Fortunately, I wasn’t struck by anything other than irony. Of, uh, what? You ask. Of the fact that this Jackass outtake occurred less than fifty yards from an upcoming Stop sign, where the van and I, once again, share a moment in time. The driver wouldn’t look at me. I was okay with that.
Gas used unnecessarily: A week’s take-home pay for our star of this Jackass video.
- Out on a Sunday morning Oh-God-Early with the guys, five of us riding a paceline along the twisties of rural America. We pass properties with grass and pretty fences, behind which we see horses, deer, birds, etc. - and they’re all asleep.
“Car back,” shouts one of the guys in our group, and there’s bubba in his fanciful Ford Four-by-Four and Bigger’n-A-County-Fair pick up truck. He sits back patiently, it seems, until he can see around the next bend, which gives him possibly a nanosecond to get by us without playing Russian Roulette with any oncoming traffic around the next bend. He juices it, gas pedal floored, engine noise blasting through Glasspack “mufflers” loud enough to wake up the entire county.
By the time he drops our lead rider, he’s doing a zillion miles per hour. He raises his hand, you can see him do it through his rear window, and makes a gesture (no, not that gesture, the other one) like he just won the Daytona 500, and we just lost.
Later, we take a break from our ride and try to come to grips with how a guy in a vehicle with a five hundred horsepower engine feels as glorious as Lance Armstrong dropping Pantani on Alpe d’ Huez — when he gets the best of five guys on bicycles?
Okay, so there are a few of the countless examples one can see in any given ride, of people’s behaviour behind the wheel being completely independent of the price of fuel.
I mean, I drive a car also.
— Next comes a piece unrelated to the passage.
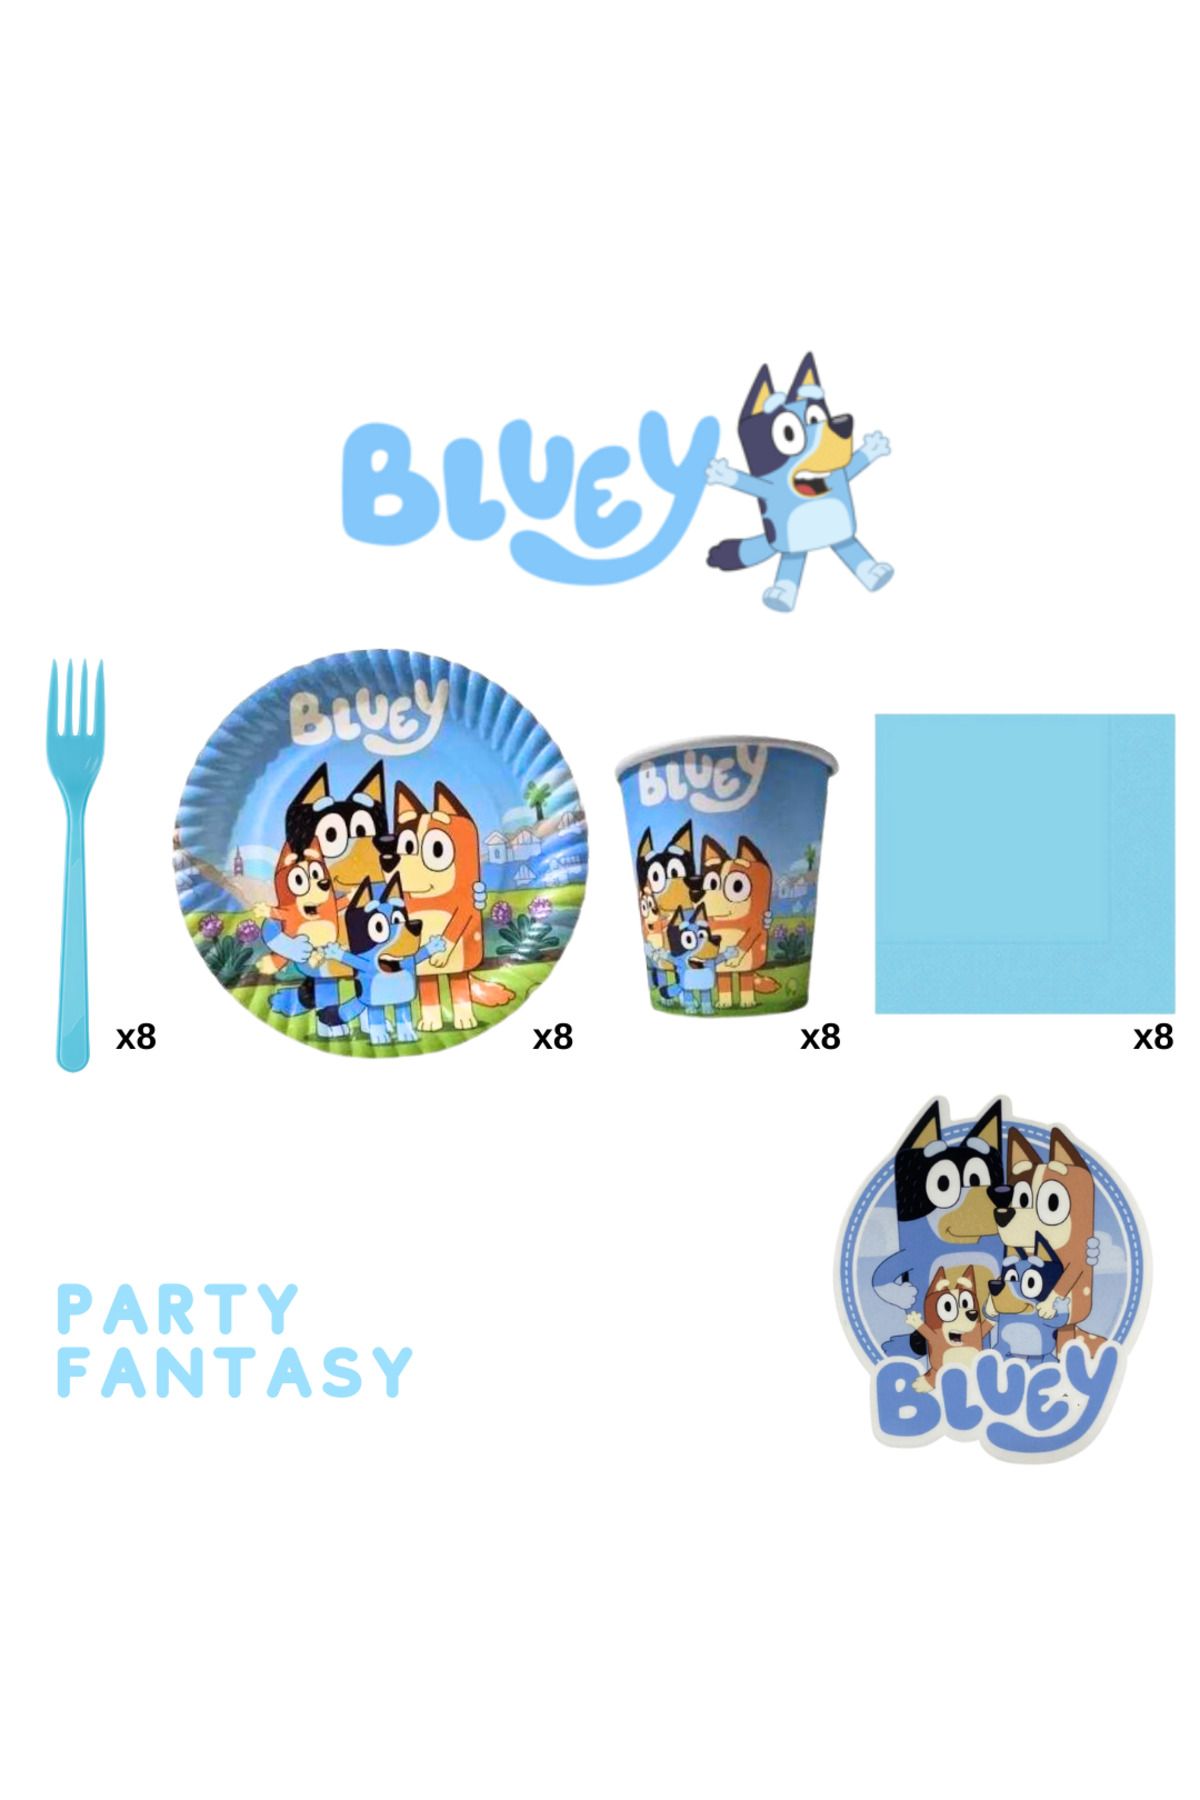 Party Fantasy Bluey 8 kişilik Yemek Seti Tabak Bardak Peçete ve Çatal Bluey Servis Seti Bluey Parti Set

This isn’t a story of us-versus-them, bikes against cars, and we’re holier than thou. But the fact that I ride a bike means I get a Skybox view of things people do that suggests that either their whining about fuel prices isn’t from the heart, but maybe reflects simply that there haven’t been a flurry of shark-attacks recently to dominate the news and popular discussion, or that we want fuel prices to be lower primarily so we can continue to senselessly waste the stuff.
Based on my observations, the average driver could cut his/her fuel bill by at least 20% if they just drove more conscientiously. But we refuse. So we get $4 a gallon and climbing.
In short, we get the gas prices we deserve, don’t we?